--- WHAT TO WORK ON ---
What follows is a listing to transcribe exactly, leaving the pictures out.

--- COLLECTED MATERIAL ---
--- START ---
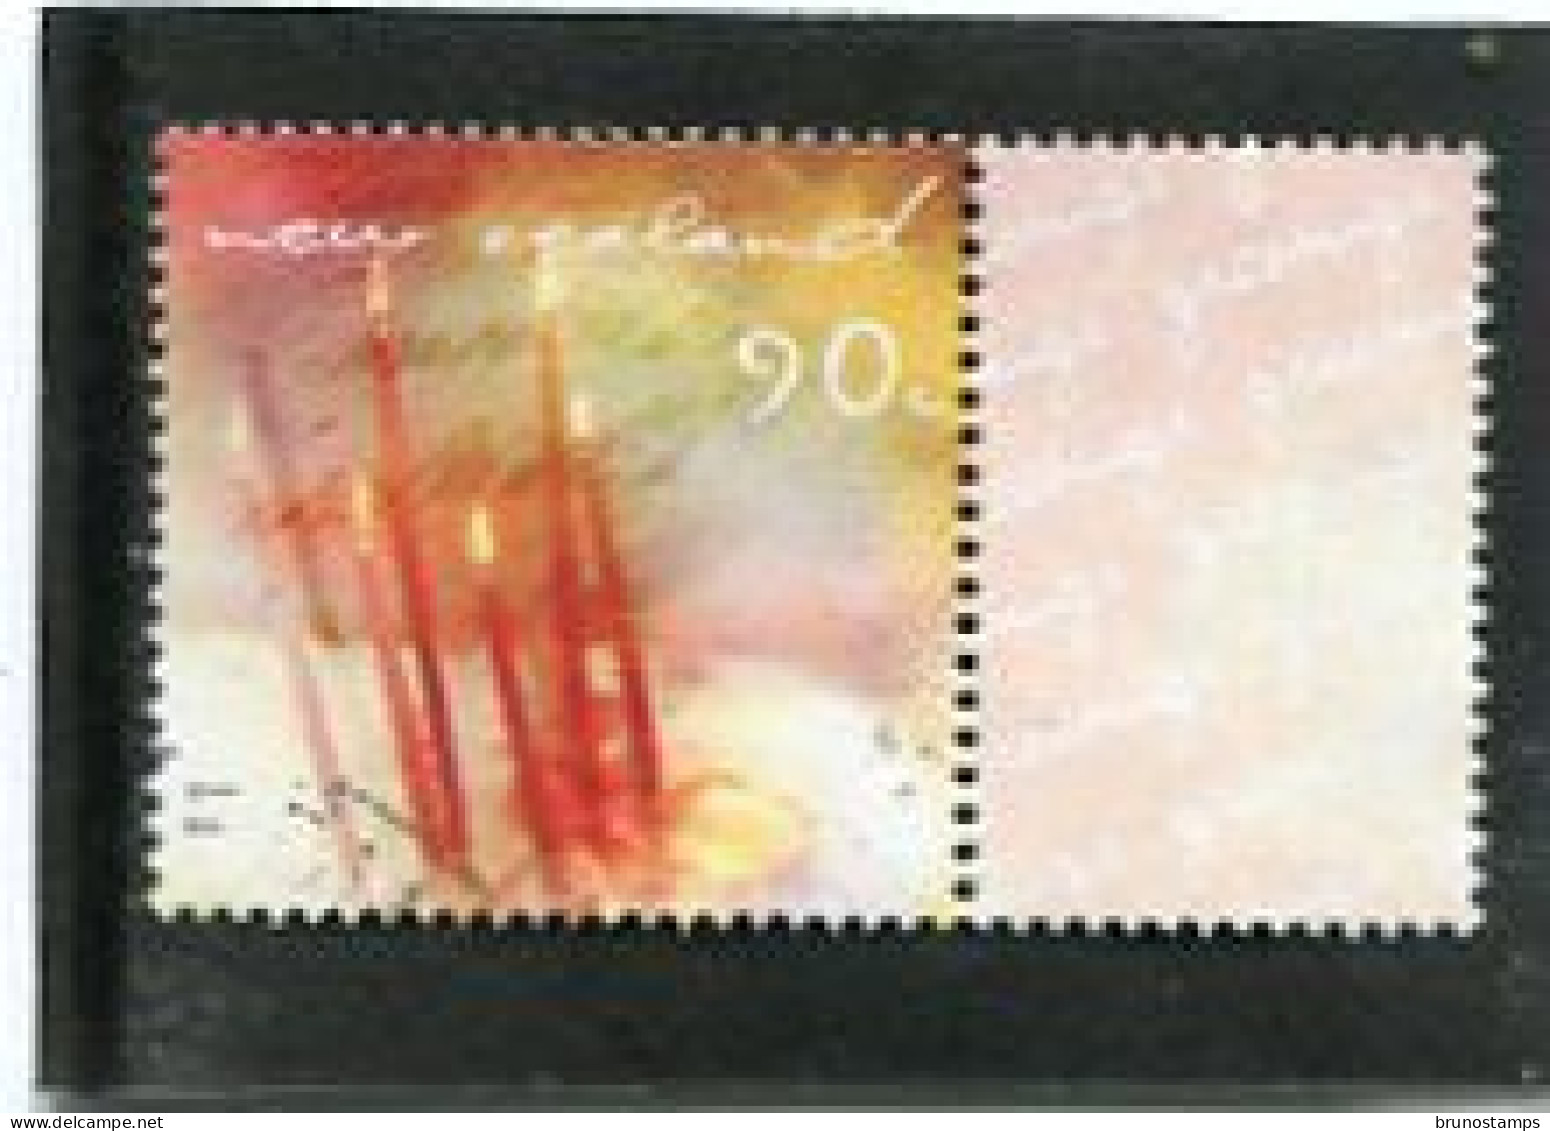 NEW ZEALAND - 2001  90c  GREETINGS  CANDLES  FINE  USED - Gebraucht
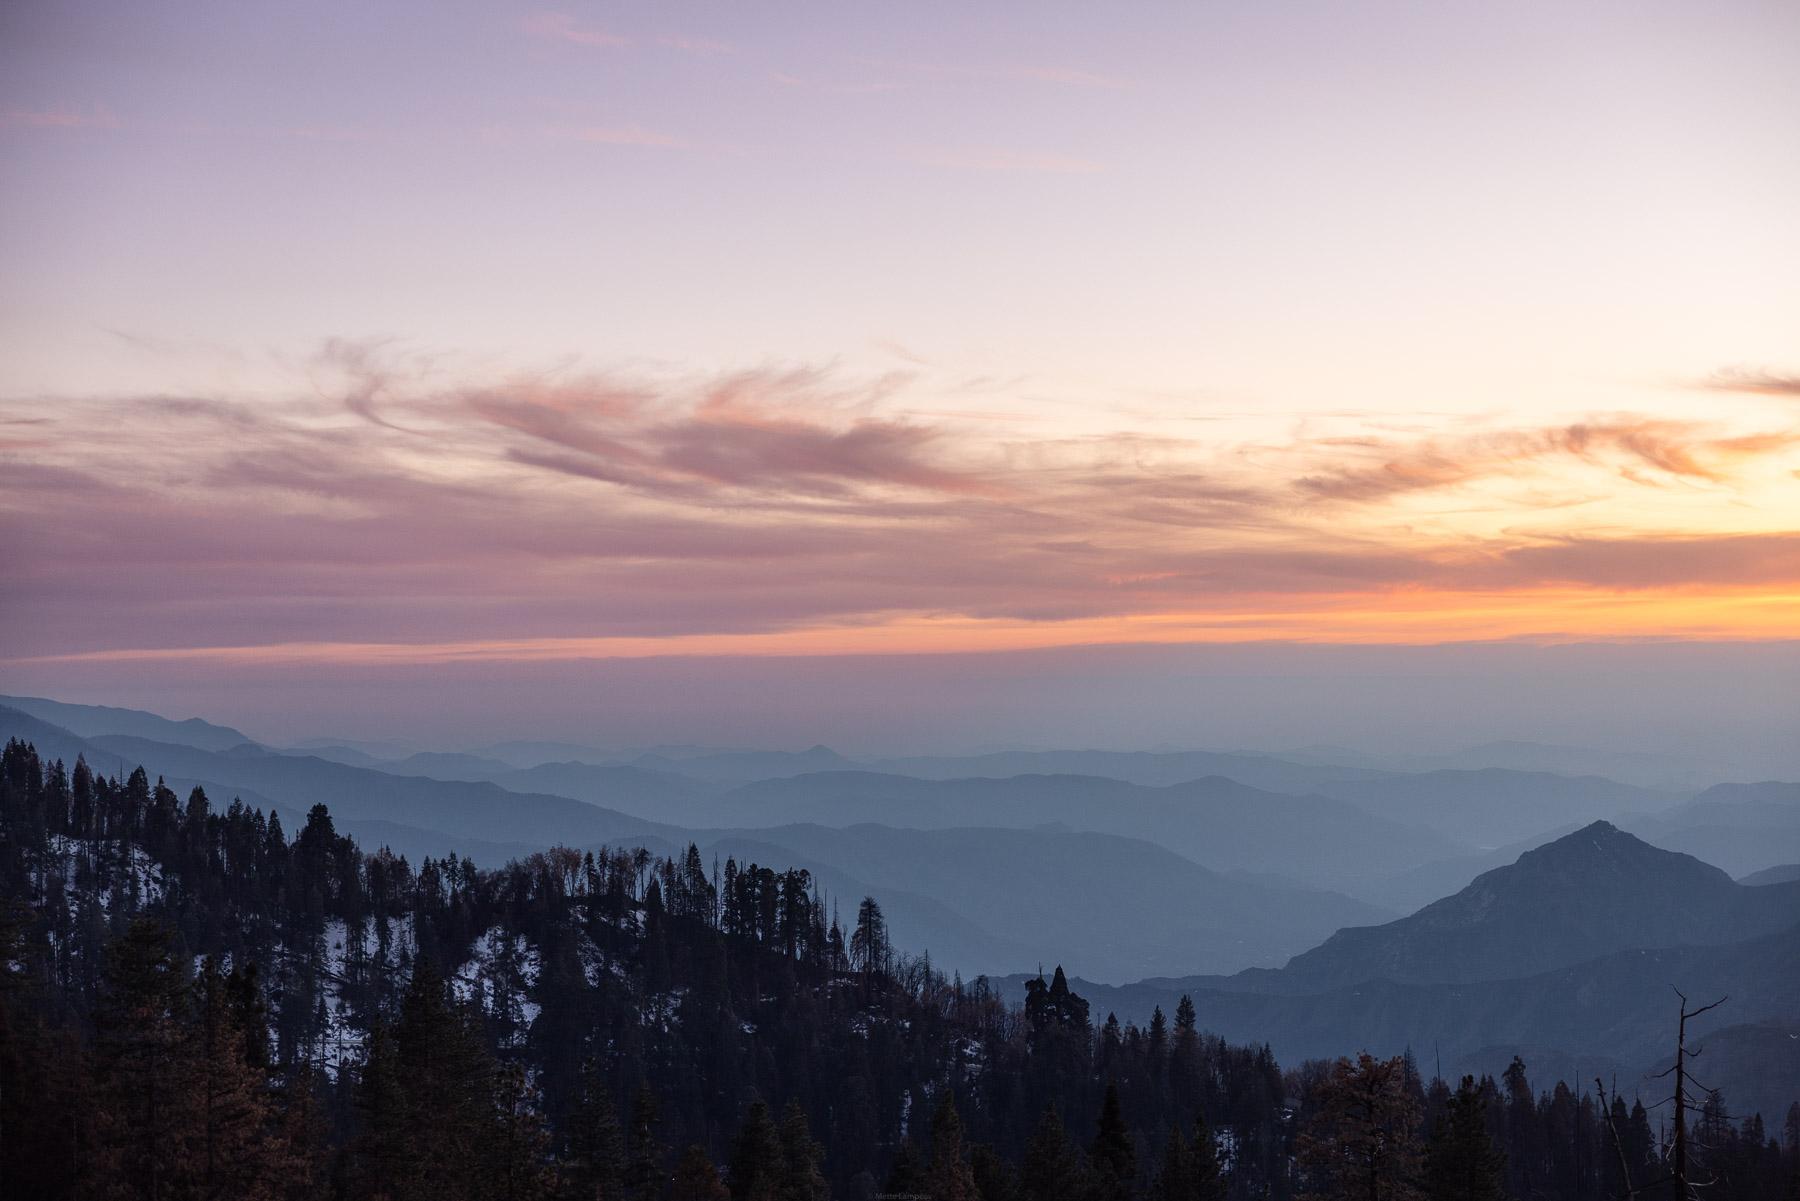 - Sequoia, a year in a burning forest - The sunset over Sequioa Natinal Park and the foot hills...
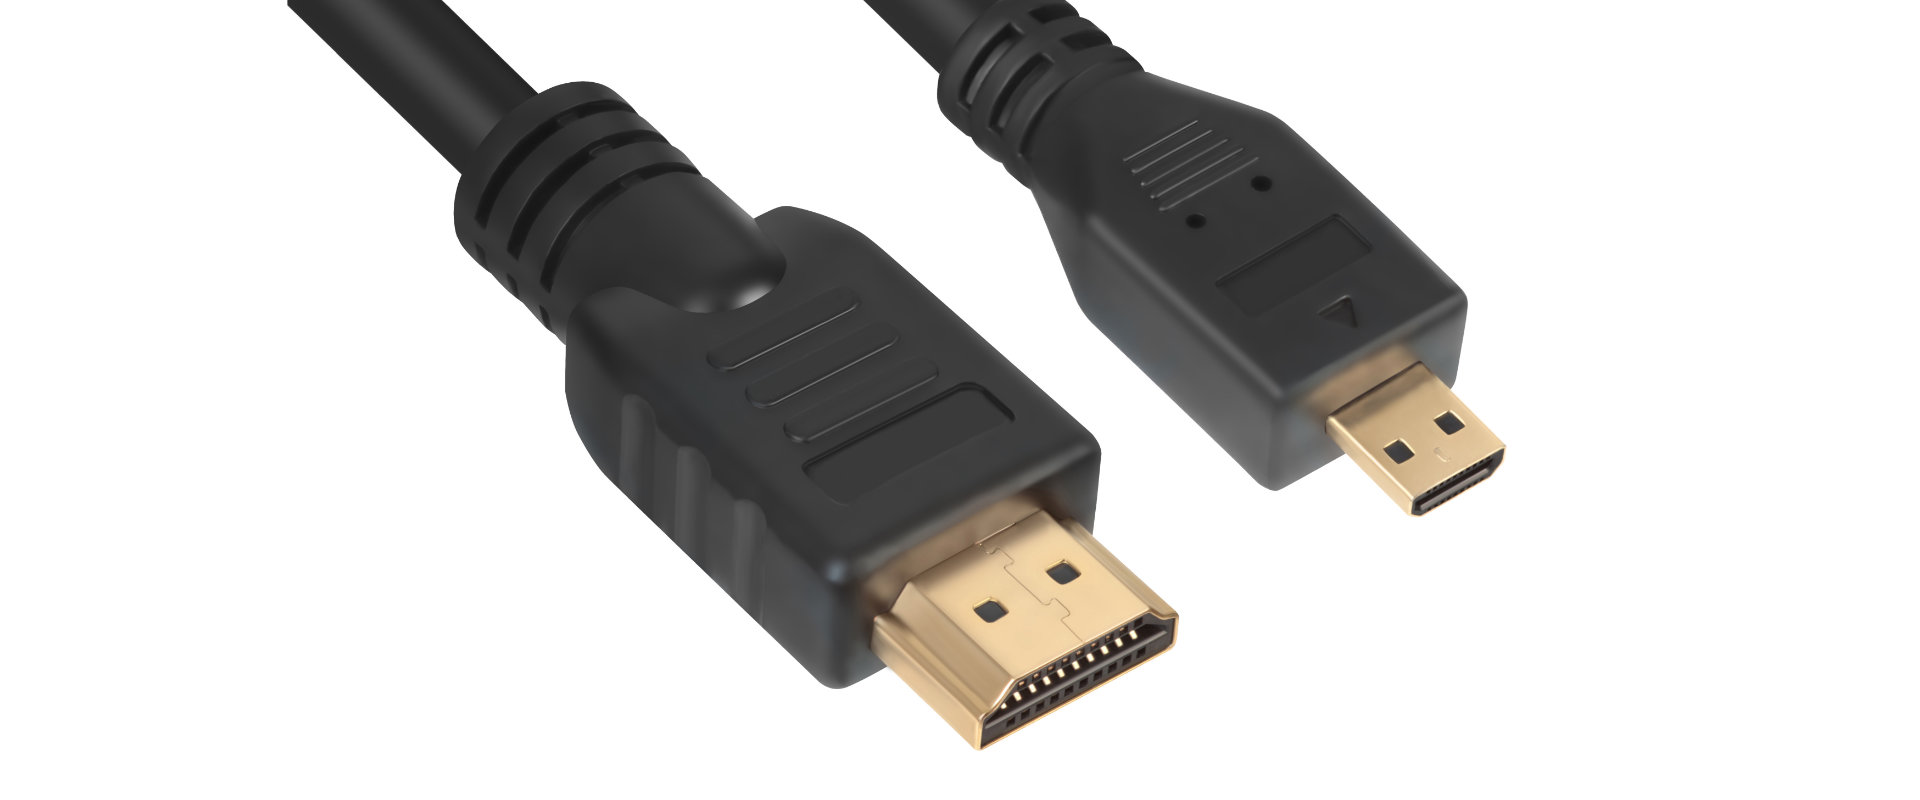 https://www.boxcast.com/hs-fs/hubfs/Blog%20Images/B202%20-%20Cables%20and%20Converters/BlogImage-B202_CablesConverters_MicroHDMI.jpg?width=590&height=246&name=BlogImage-B202_CablesConverters_MicroHDMI.jpg
--- END ---
--- YOUR RESPONSE ---
 NEW ZEALAND - 2001  90c  GREETINGS  CANDLES  FINE  USED - Gebraucht
 - Sequoia, a year in a burning forest - The sunset over Sequioa Natinal Park and the foot hills...
 https://www.boxcast.com/hs-fs/hubfs/Blog%20Images/B202%20-%20Cables%20and%20Converters/BlogImage-B202_CablesConverters_MicroHDMI.jpg?width=590&height=246&name=BlogImage-B202_CablesConverters_MicroHDMI.jpg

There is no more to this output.